Бездна — страница 44 из 49

– А реальность – не условность? Мы в условностях со дня рождения. Придуманные миры появились не с созданием тридэшных, их творили ещё сочинители мифов и сказок, Гомер и Гесиод, а потом Гуттенберг поставил это дело на широкую ногу. А дальше кино, телевидение, баймы… Мы всегда с охотой погружались в придуманные миры, так что ты это брось!

Тартарин сказал ехидно:

– Тогда чего не нравится, что мы в придуманном кем-то?

– Я не ропщу, – пояснил Казуальник. – Принимаю, как данность.

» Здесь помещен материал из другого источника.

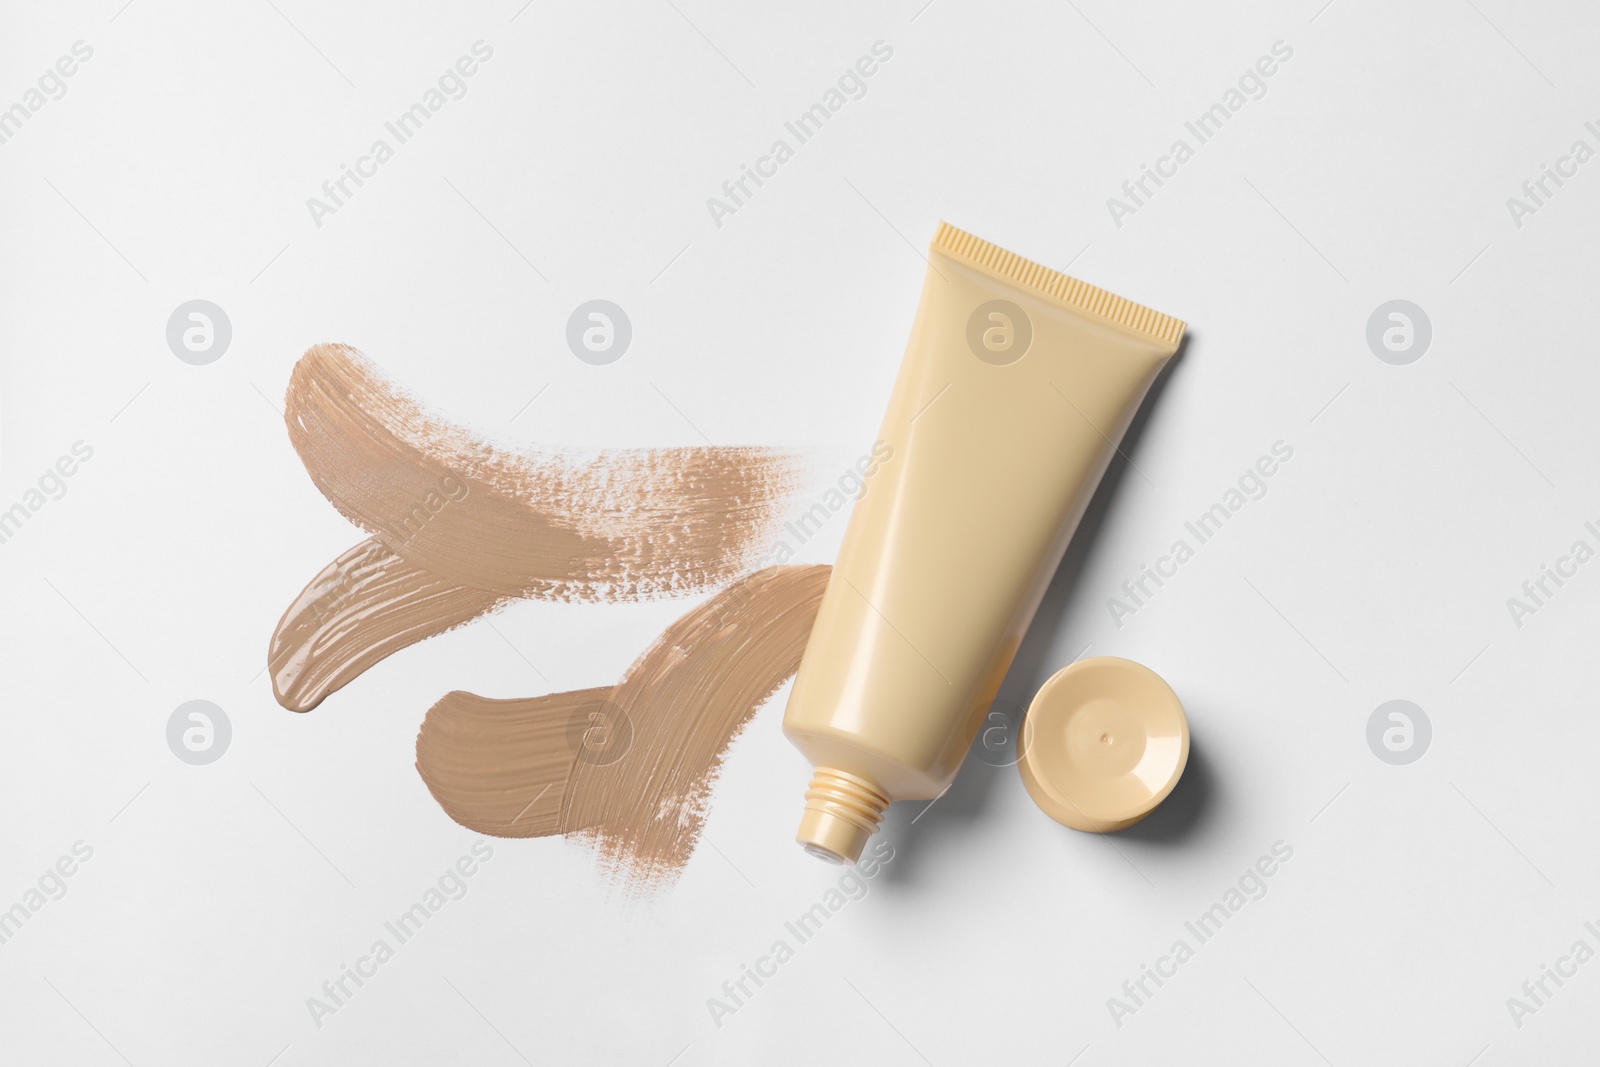 Photo of Foundation and swatches on white background, top view

Что, уже пора?

– Куда уж порее, – ответил я. – Приходится вас собирать, как разбежавшихся коз по лугу!

– Твоя работа, – согласился Казуальник. – Помню, ты так и партвзносы собирал, а от тебя народ прятался!

Он хохотнул коротко, а Тартарин молча раздвинул пространство, по ту сторону щели блещет хрусталём накрытый стол, в широких бокалах красное вино, а на диване в раскованных позах сидят красные и распаренные Южанин и Гавгамел, как толстый и тонкий по Чехову в черновом варианте, орут мощными голосами двух Шаляпиных:

– Бездельник, кто с нами не пьёт!

Тартарин совсем некстати, едва не оглушив меня, заорал над ухом популярную в годы своего детства «Застольную»:

– Выпьем за Родину, выпьем за Сталина, выпьем и снова нальем!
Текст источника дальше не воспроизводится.